É que, para o acórdão recorrido, apenas o valor recuperado é que dá direito à remuneração adicional e não qualquer valor garantido. Para o acórdão fundamento, sempre que haja produto recuperado ou garantido (como no caso dos autos), a remuneração adicional é sempre devida, com excepção do caso previsto no número 12 do art.º 50.º da Portaria n.º 282/2013, de 29/08 (inaplicável ao caso concreto).

6.

Por consequência, em todas as situações (com excepção da referida no ponto anterior), em que haja valor recuperado ou garantido, a remuneração adicional é devida, ainda que a extinção da execução decorra de acto individual do devedor (pagamento voluntário), de acto conjunto de credor e devedor (acordo de pagamento) ou mesmo de um acto do próprio credor (desistência da execução, cf. n.º 2 do art.º 50.º).

7.

Seja como for, V. Ex.ªs melhor o dirão, na certeza de que, esta querela jurisprudencial, pela sua importância e actualidade, convoca e reclama deste Tribunal Superior um pronunciamento que lhe ponha termo, admitindo o recurso de revista normal e sobre a matéria controvertida recaia acórdão.

Termos em que, se requer a V. Ex.ªs, Colendos Juízes Conselheiros, deve ser concedido provi-mento à presente Reclamação para a Conferência, revogando-se a decisão singular prolatada, substituindo-a por acórdão que admita o recurso de revista oportunamente interposto e emita pronunciamento acerca do objecto dos autos.

Com vista à instrução da presente Reclamação para a Conferência e prolação do respectivo acórdão, igualmente se requer, o cumprimento do disposto na segunda parte do art.º 643.º, n.º 3 do C.P.C».


*

Não houve resposta da parte contrária.

*

Antes de apreciar a reclamação, importa sublinhar que ao contrário do que foi invocado pelo reclamante, não estamos perante uma reclamação nos termos do disposto no art.º 643º do CPC, mas sim perante uma reclamação nos termos do disposto no art.º 652º nº 3 do mesmo diploma. Uma vez que nada obsta convola-se a Reclamação para a forma correcta.

Apreciando a reclamação

Vista a decisão reclamada e os seus fundamentos e analisando a reclamação verifica-se que nada do que dela consta abala ou infirma os fundamentos do despacho reclamado, em termos de poder justificar a sua alteração ou revogação. Efectivamente as situações apreciadas nos dois acórdãos em confronto, são distintas e consequentemente as soluções encontradas não podiam deixar de o ser também.

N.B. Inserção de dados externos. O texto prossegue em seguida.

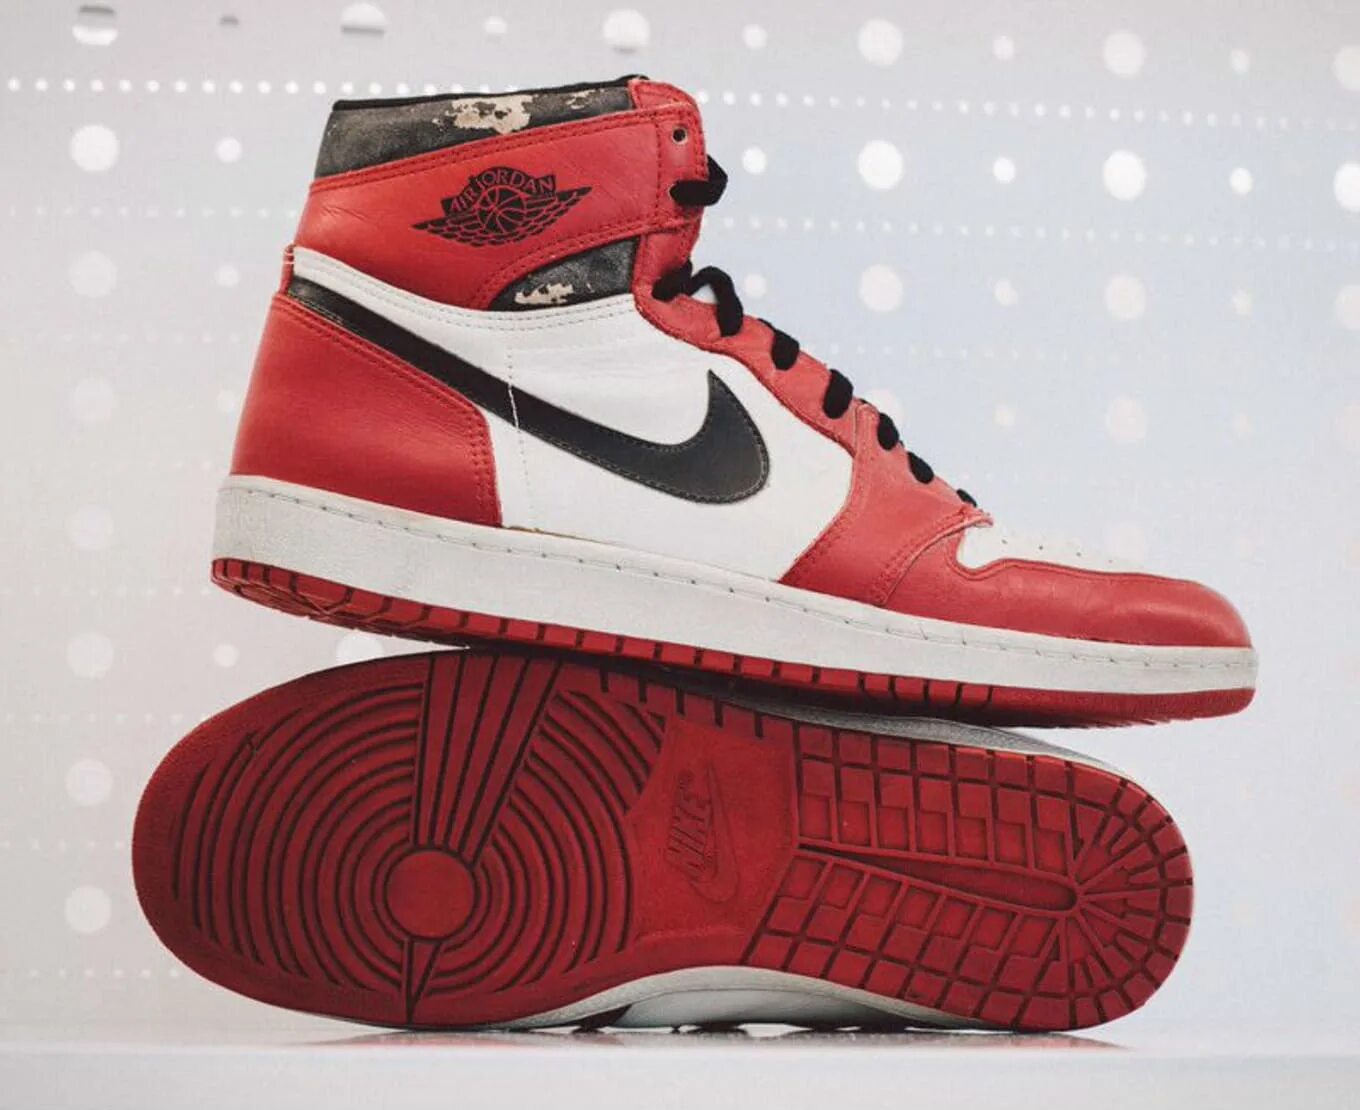 Джорданы 1 оригинал. Nike Air Jordan 1 Original. Air Jordan 1 1985. Nike Air Jordan 1 1985. Nike Jordan 1 оригинал.

Assim, concordando-se com os fundamentos da decisão reclamada, desatende-se a reclamação e confirma-se a rejeição do recurso.

Custas pelo recorrente.

Registe e notifique.


*

**


Em síntese:

Não há contradição de julgados, habilitante da via de recurso prevista no art.º 629º nº 2 al. d), quando as situações de factos apreciadas são essencialmente diferentes e conduzem, naturalmente a soluções jurídicas diferentes. Nestas circunstâncias não se verifica contradição que legitime a abertura dessa via recursiva especial.


*

**


Consigna-se, nos termos do disposto no art.º 15-A do DL nº 10-A/2020 e para os efeitos do nº 1 do art.º 153º do CPC, que os Srs. Juízes Adjuntos, têm voto de conformidade, mas não assinam, em virtude do julgamento ter decorrido em sessão (virtual) por teleconferência.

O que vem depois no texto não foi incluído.